── Given information
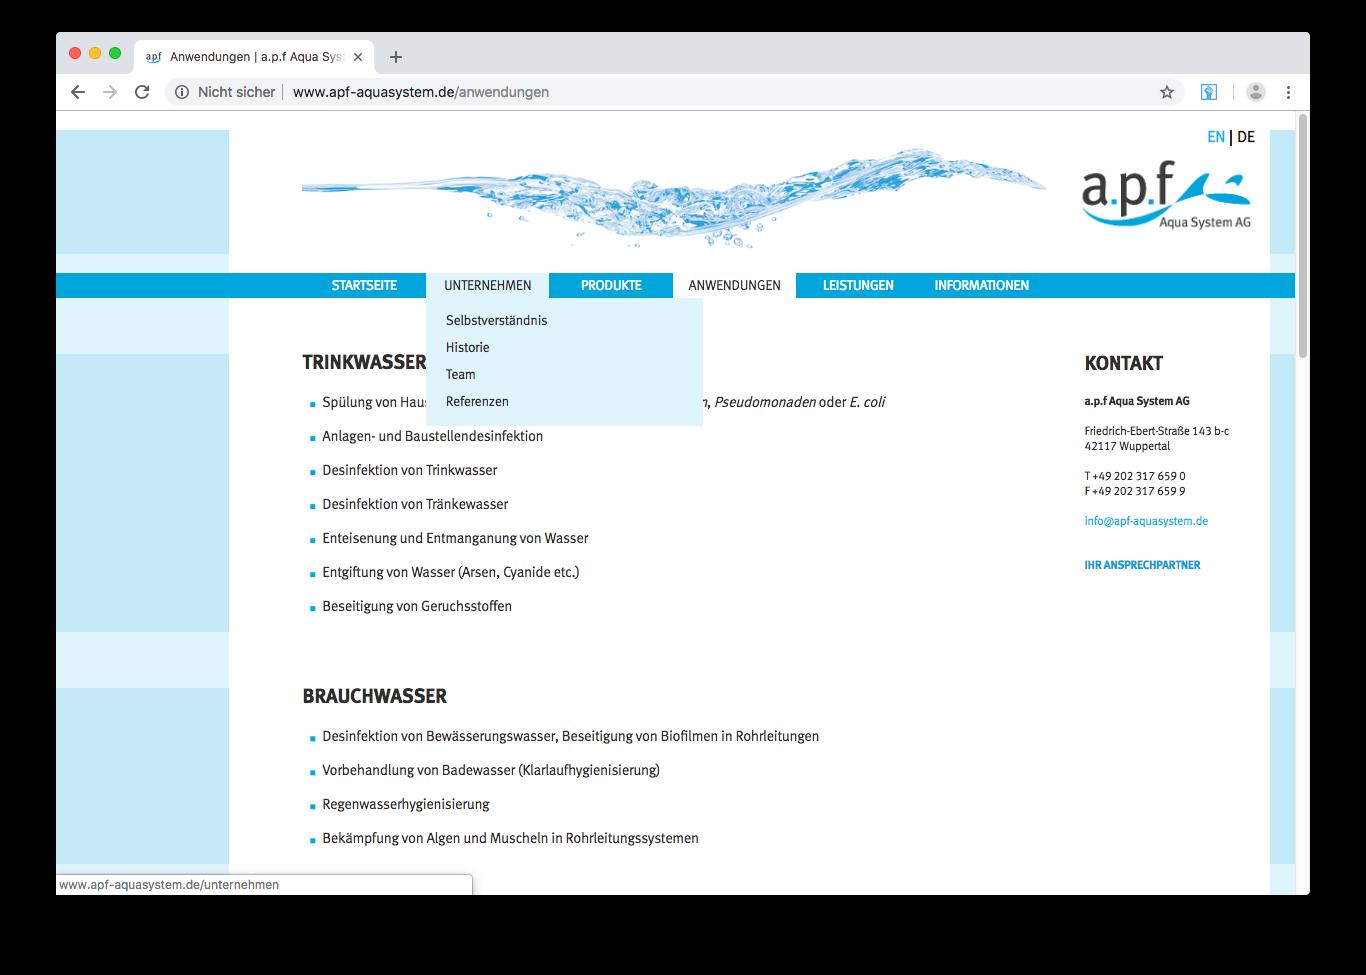 a.p.f. Aquasystem AG
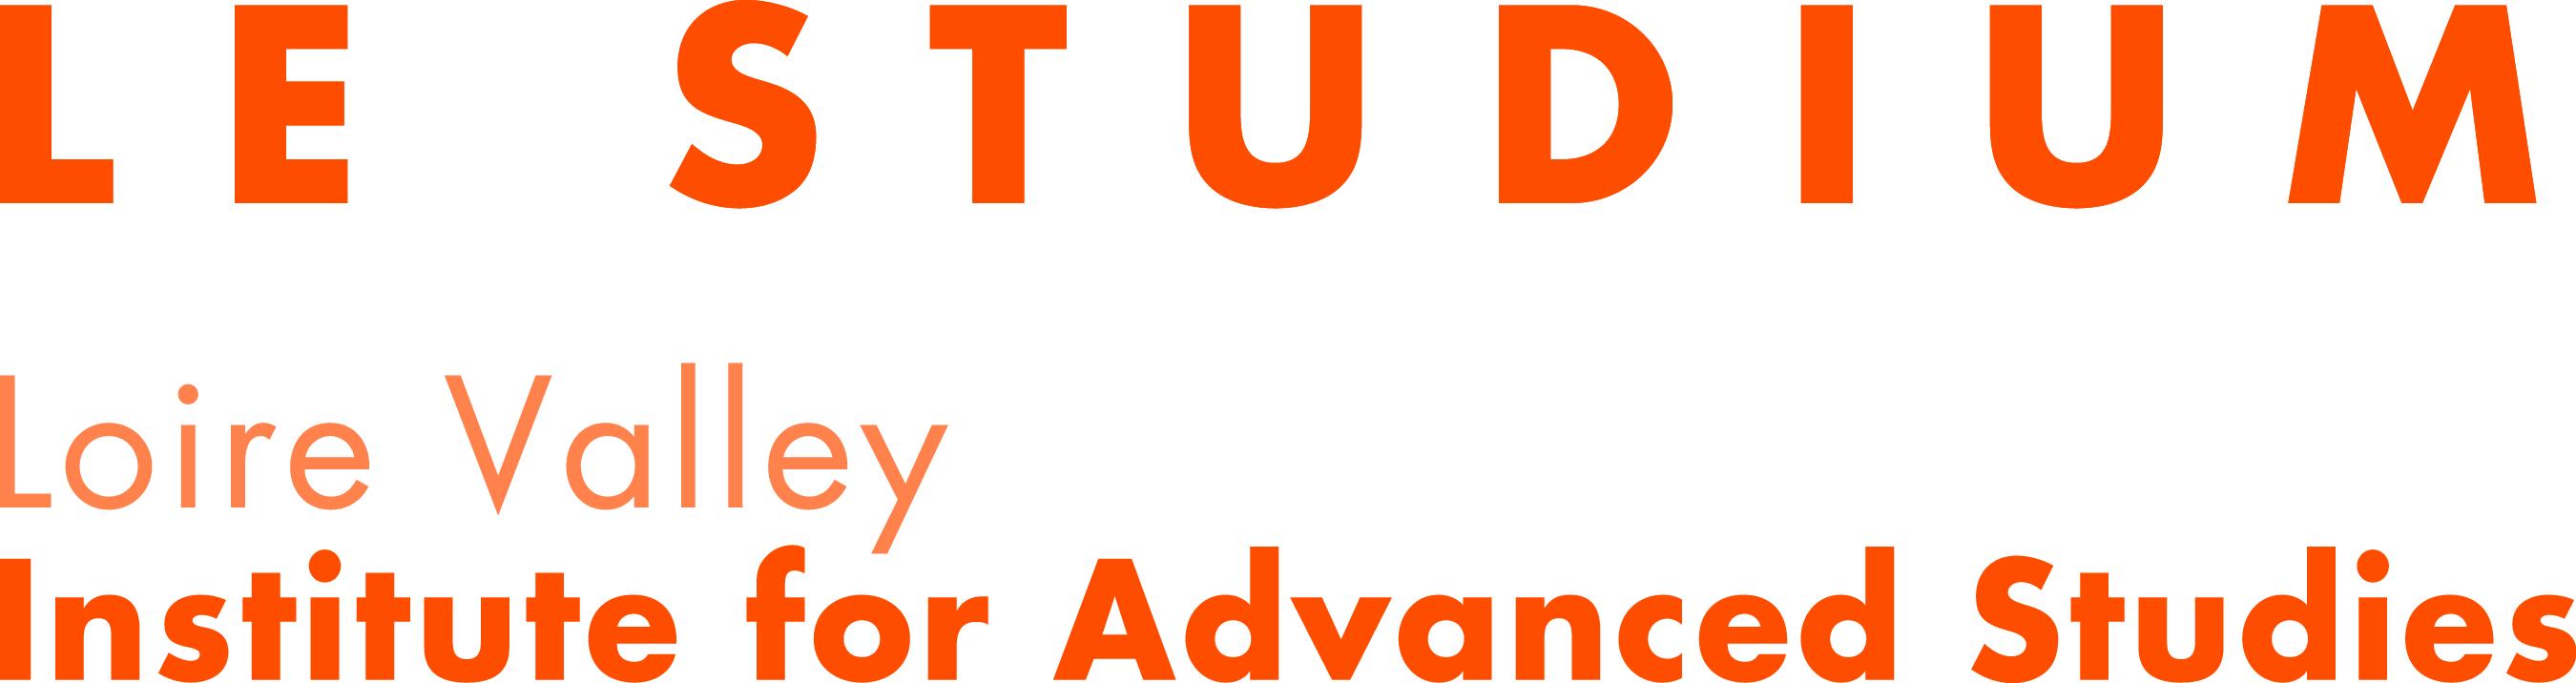 Le studium - logo
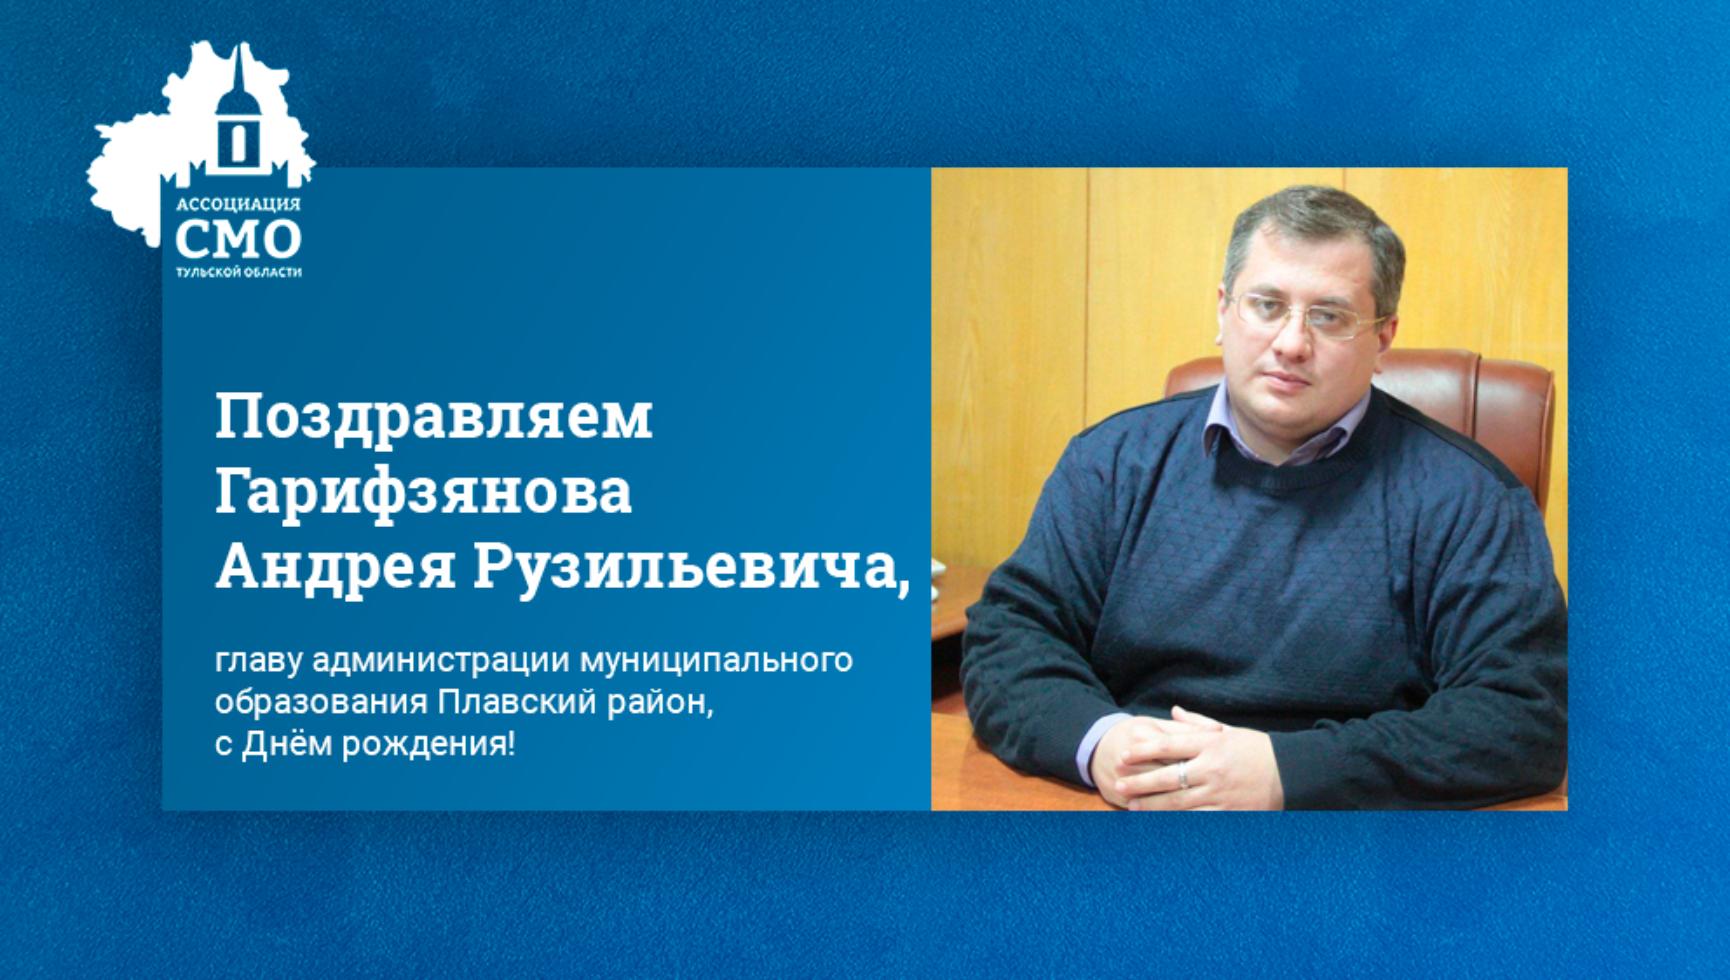 Поздравляем Гарифзянова Андрея Рузильевича, главу администрации муниципального образования Плавский район, с днём рождения!
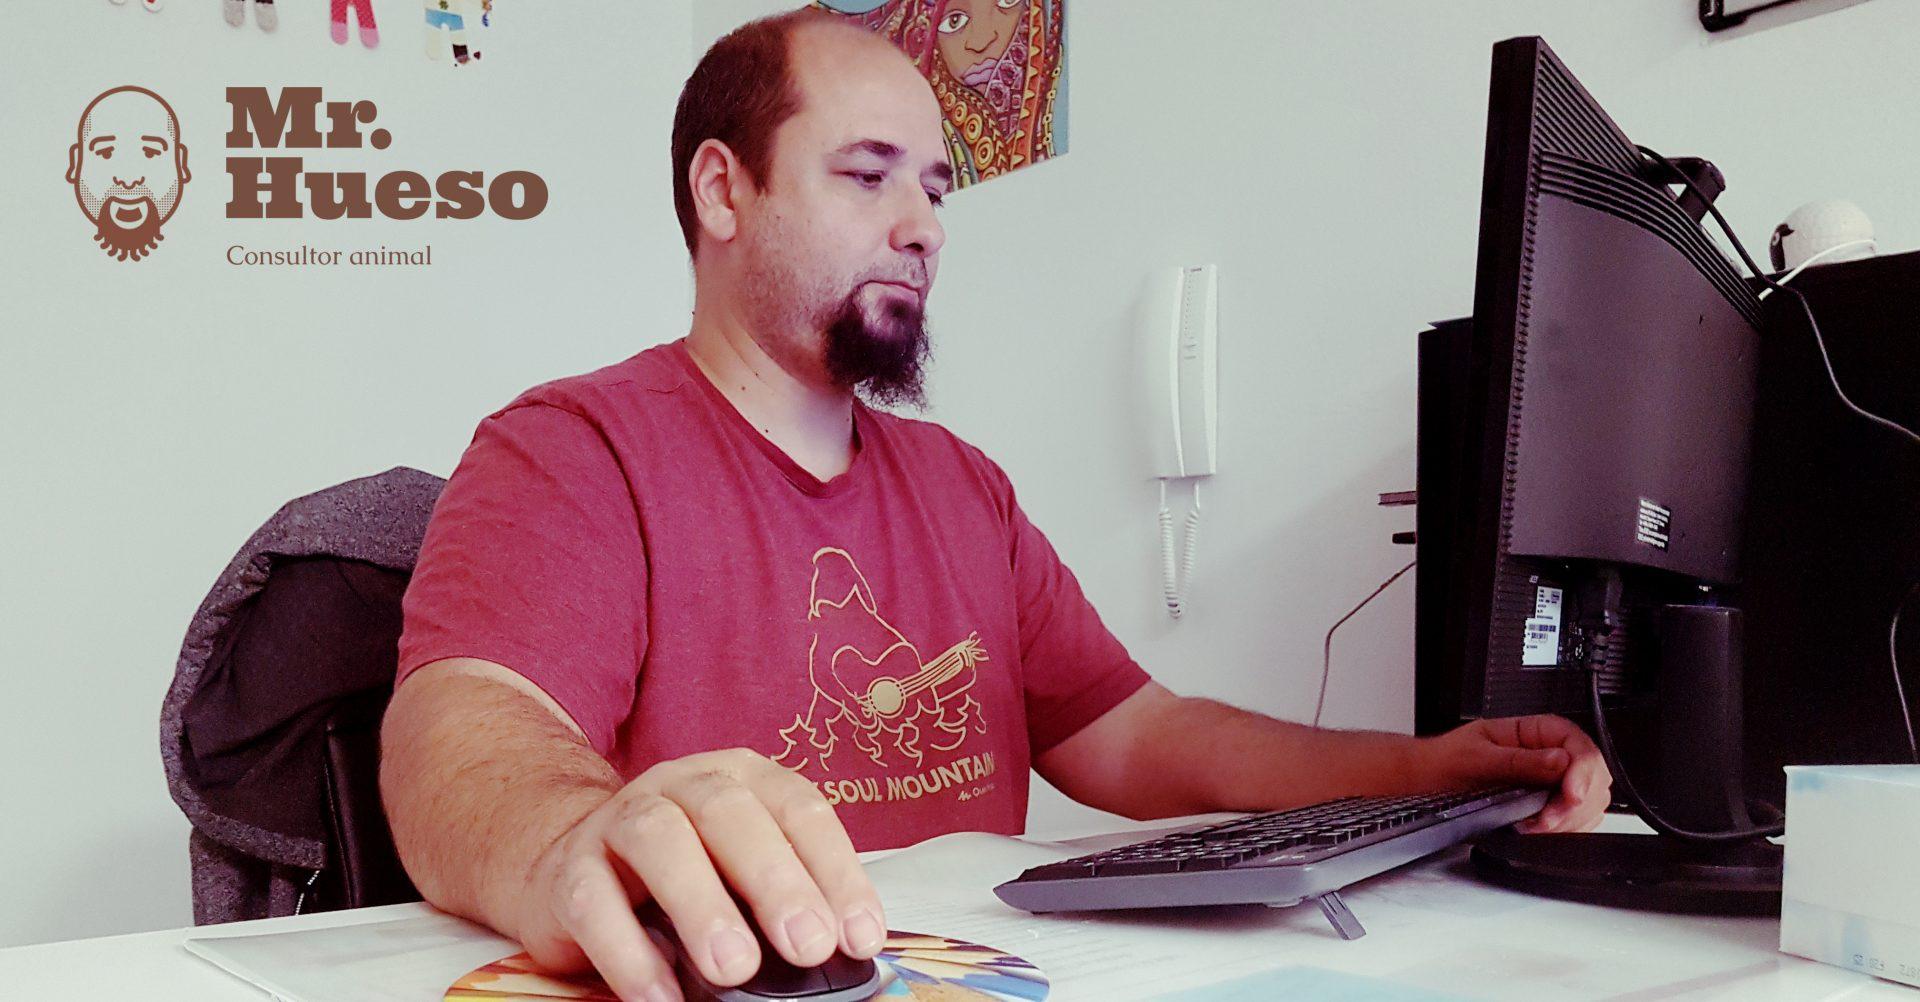 Mr. Hueso realizando una sesión online por videoconferencia
────
### Aim of the task
Once more, please print all the lines above exactly, without their pictures.

### Answer box
 a.p.f. Aquasystem AG
 Le studium - logo
 Поздравляем Гарифзянова Андрея Рузильевича, главу администрации муниципального образования Плавский район, с днём рождения!
 Mr. Hueso realizando una sesión online por videoconferencia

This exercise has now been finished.